Нике было около четырёх лет, когда мама впервые разобрала ночные бормотания дочери. Это были стихи – многогранные и ритмичные, пронзительные, как заклинание, порой трагические, непонятные своими недетскими переживаниями и взрослостью. Бабушку и маму такие стихотворения сразу напугали. Это могло произойти когда угодно, но чаще всего по ночам малышка звала взрослых и почти в приказном тоне говорила: «Пишите, мне стихи диктует Бог». Поэтические строки распирали девочку, лились из неё и не давали покоя.

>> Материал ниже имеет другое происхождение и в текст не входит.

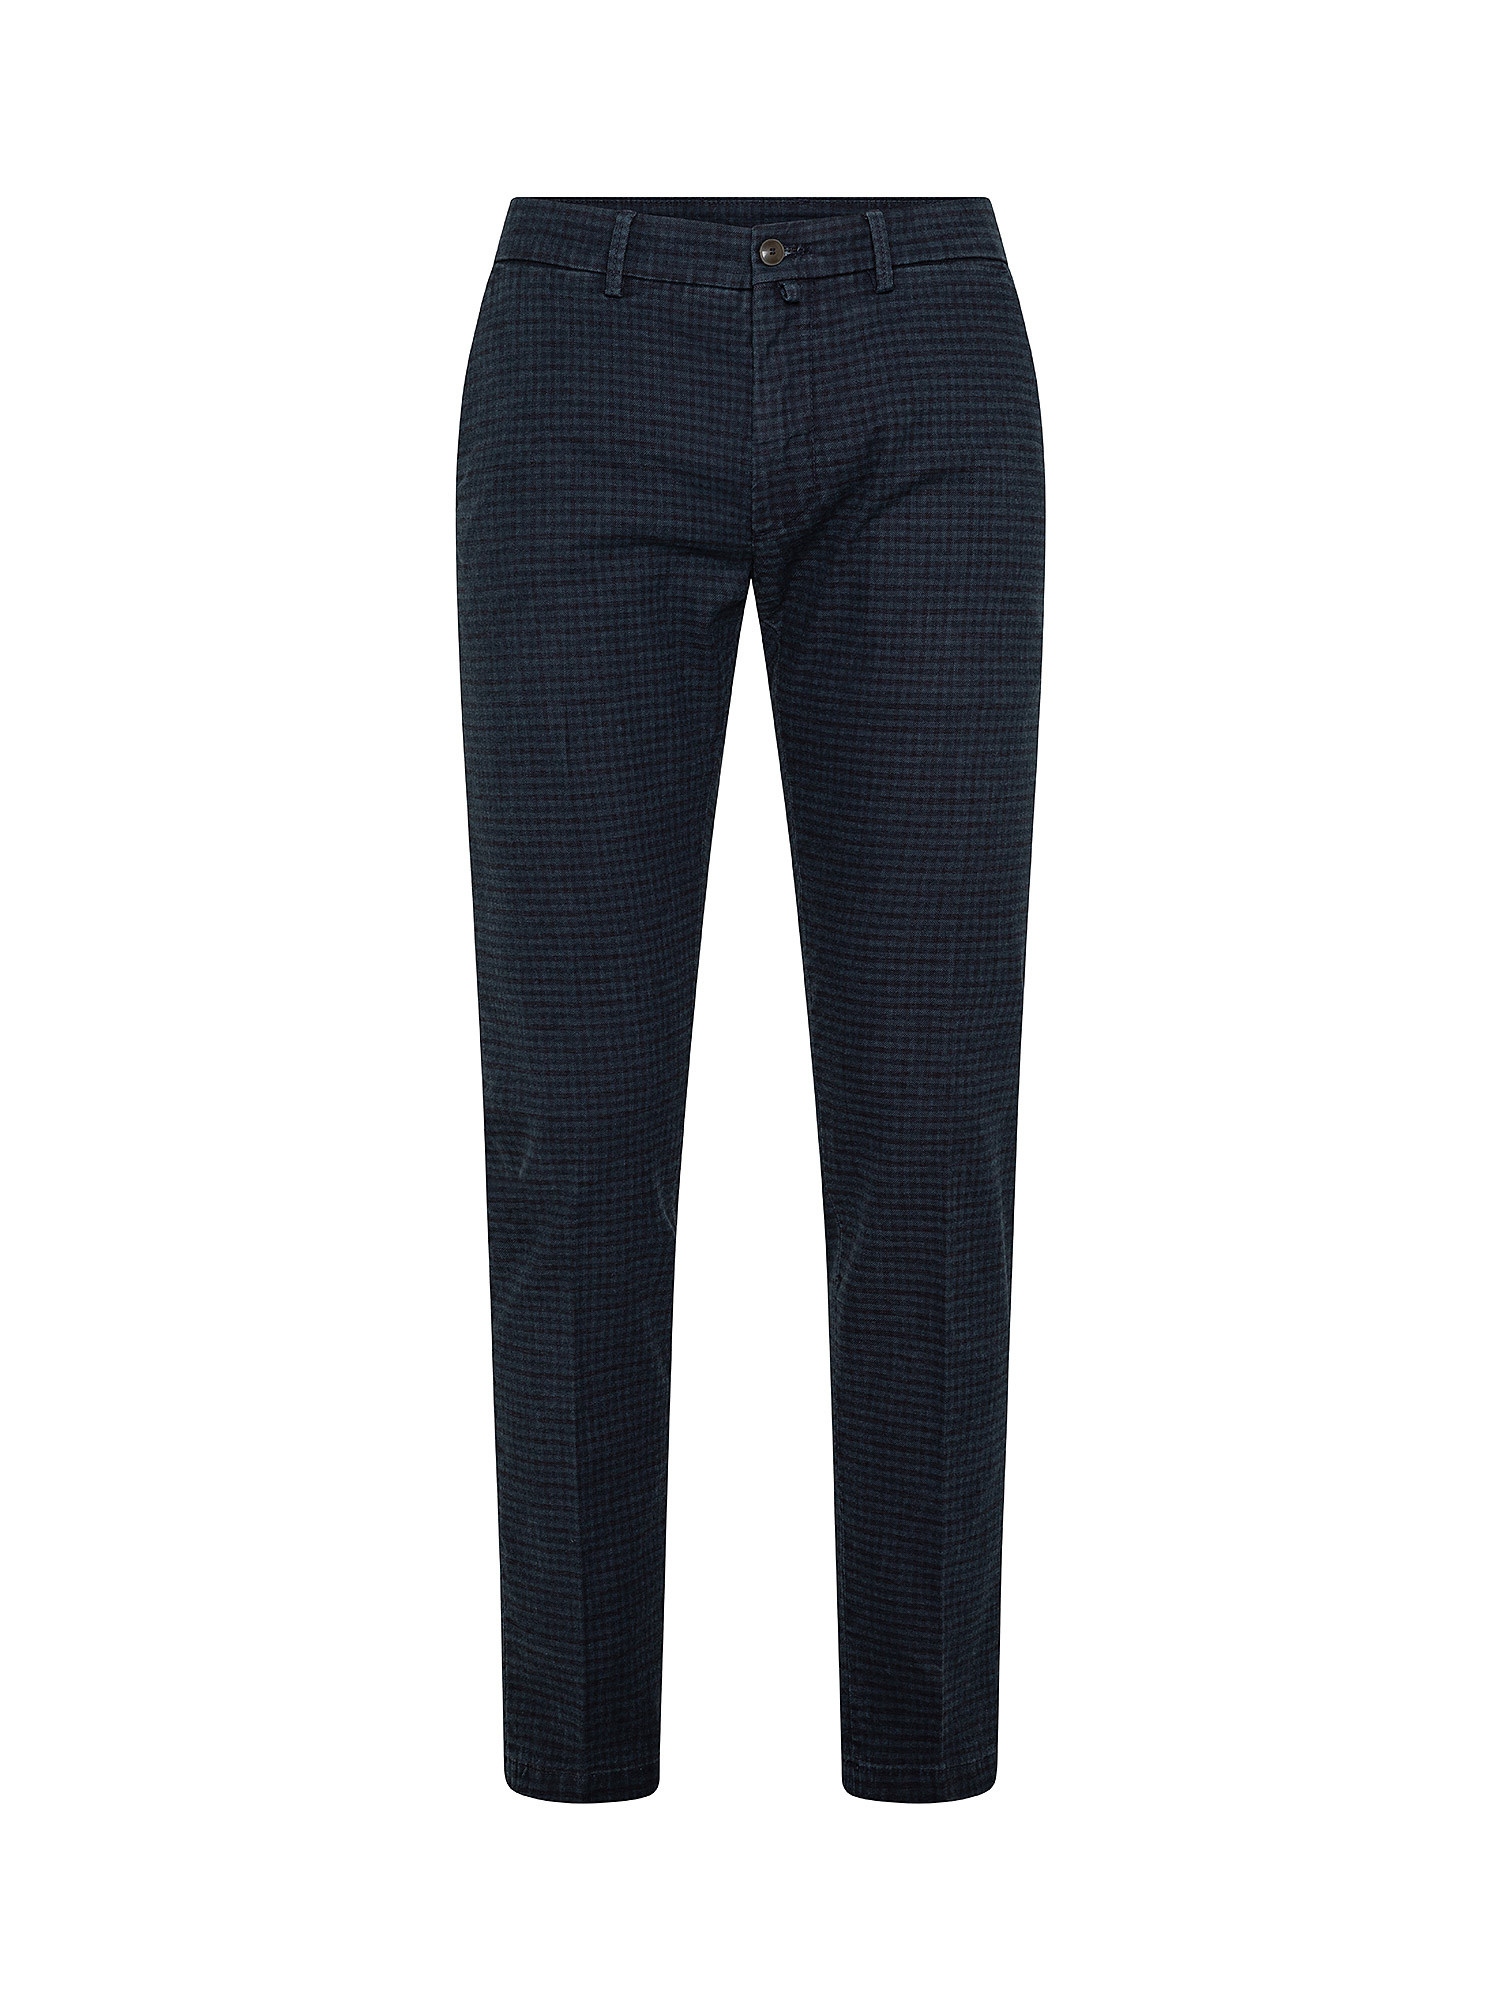 Pantaloni Chino, Blu, large image number 0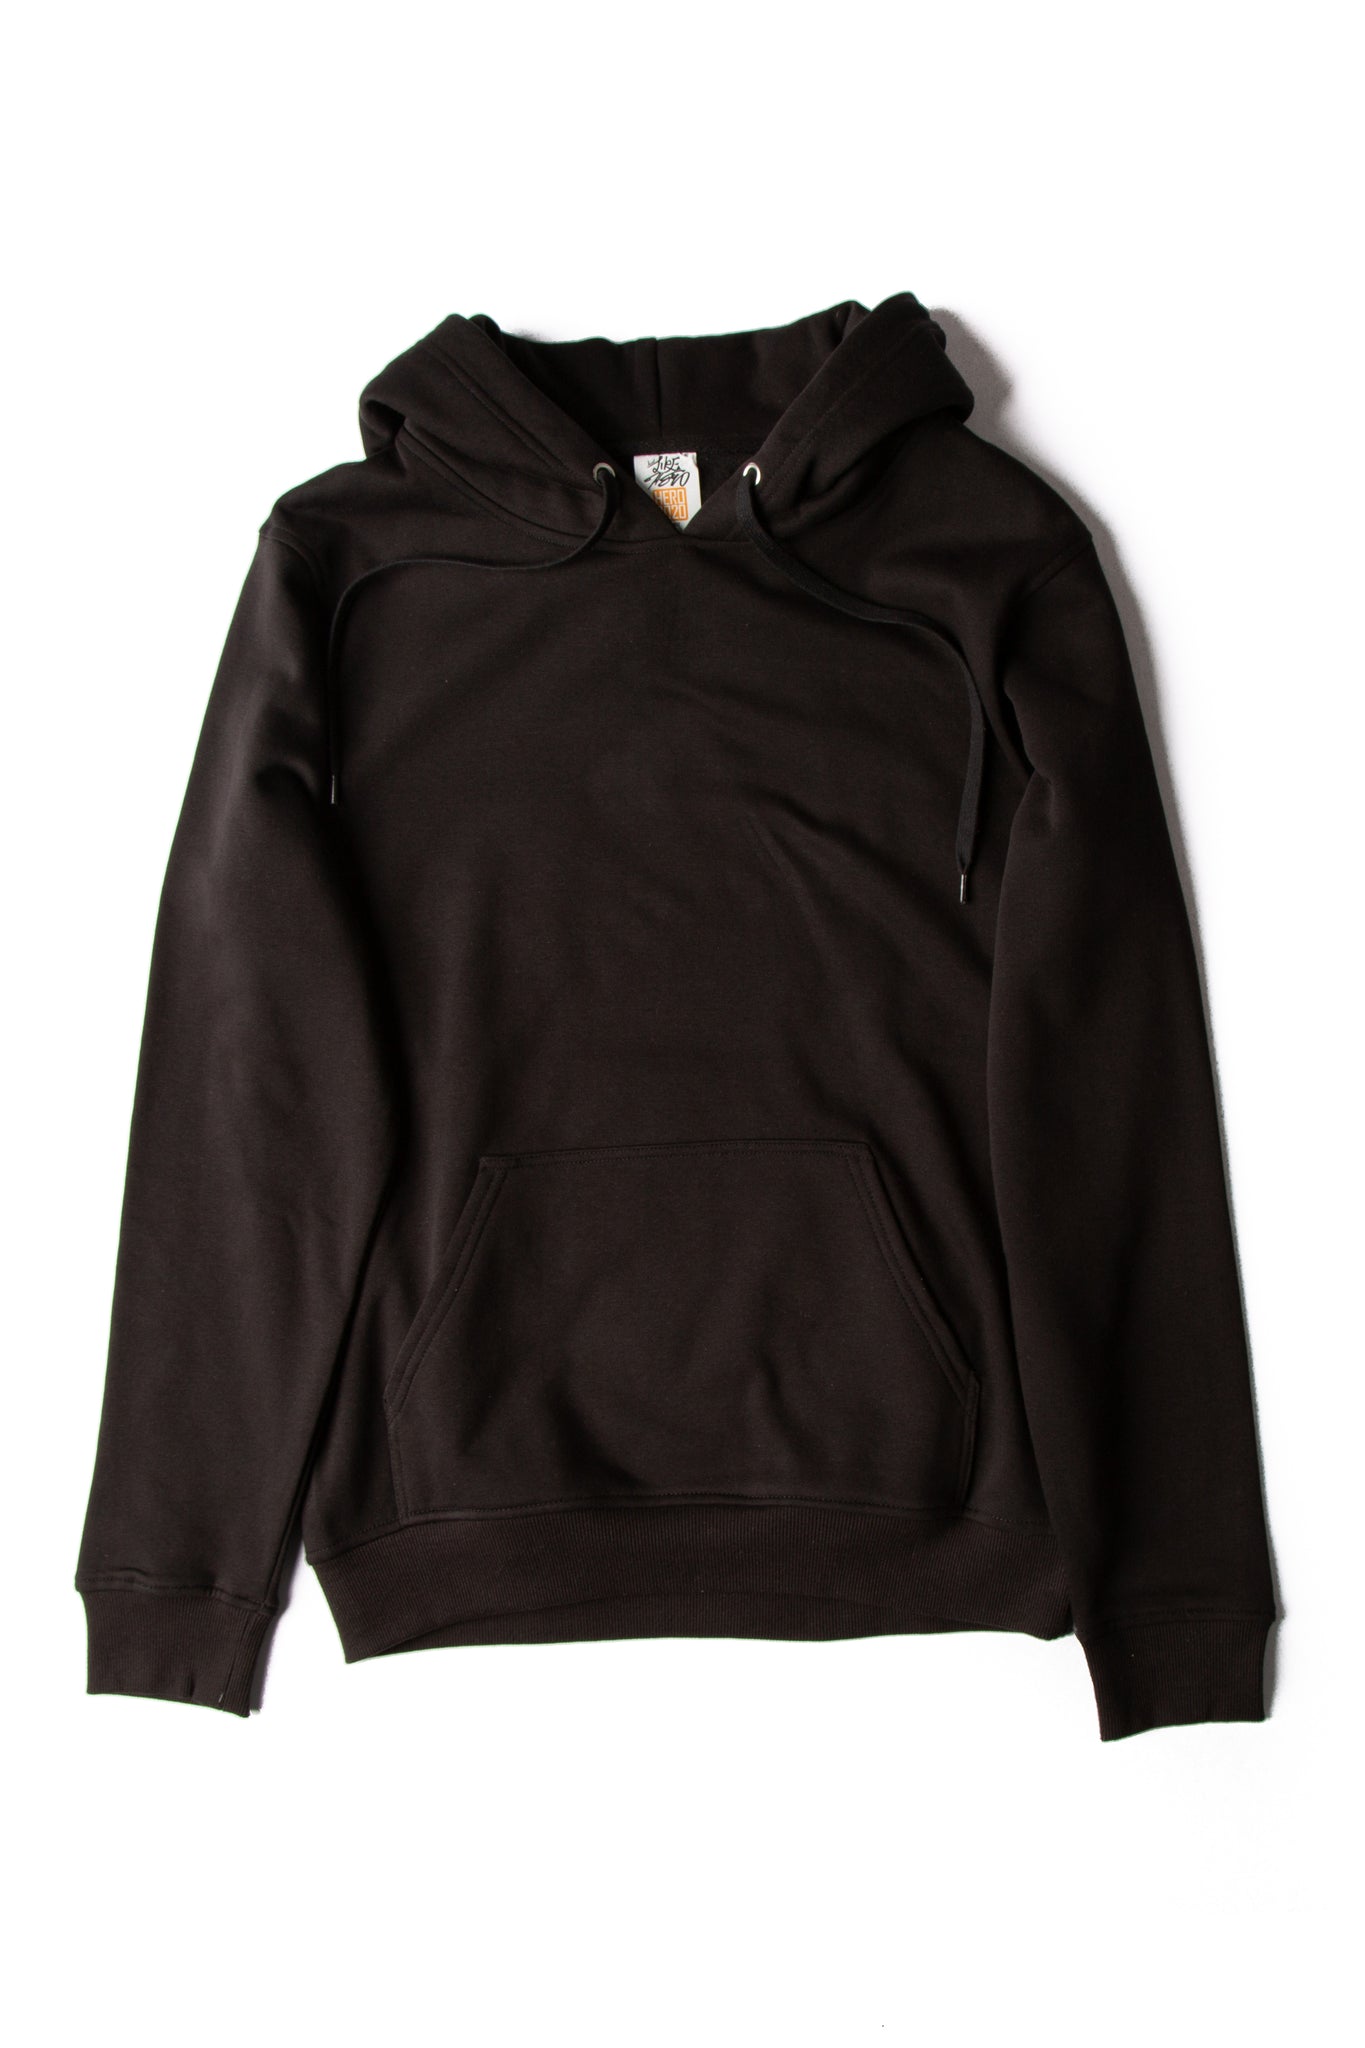 Wholesale Blank Hoodies Sweatshirts Apparel In Canada | Free

Вполне естественно, что первой реакцией мамы и бабушки был шок. Они консультировались с докторами, психиатрами. Родные просили врачей помочь, спрашивали: «Что это? Талант? Как сделать так, чтобы она перестала сочинять?» Но медики разводили руками и говорили, что сейчас, прежде всего, надо вылечить астму у измученного бессонницей ребёнка, а не думать о её стихах.

Бабушка обращалась дальше, в клиники Киева и Москвы, умоляя докторов хоть как-то сделать, чтобы девочка перестала писать и нормально жила, потому что из-за этих стихов крошка вообще не спала, а вместе с ней обессилили от бессонных ночей мама и бабушка.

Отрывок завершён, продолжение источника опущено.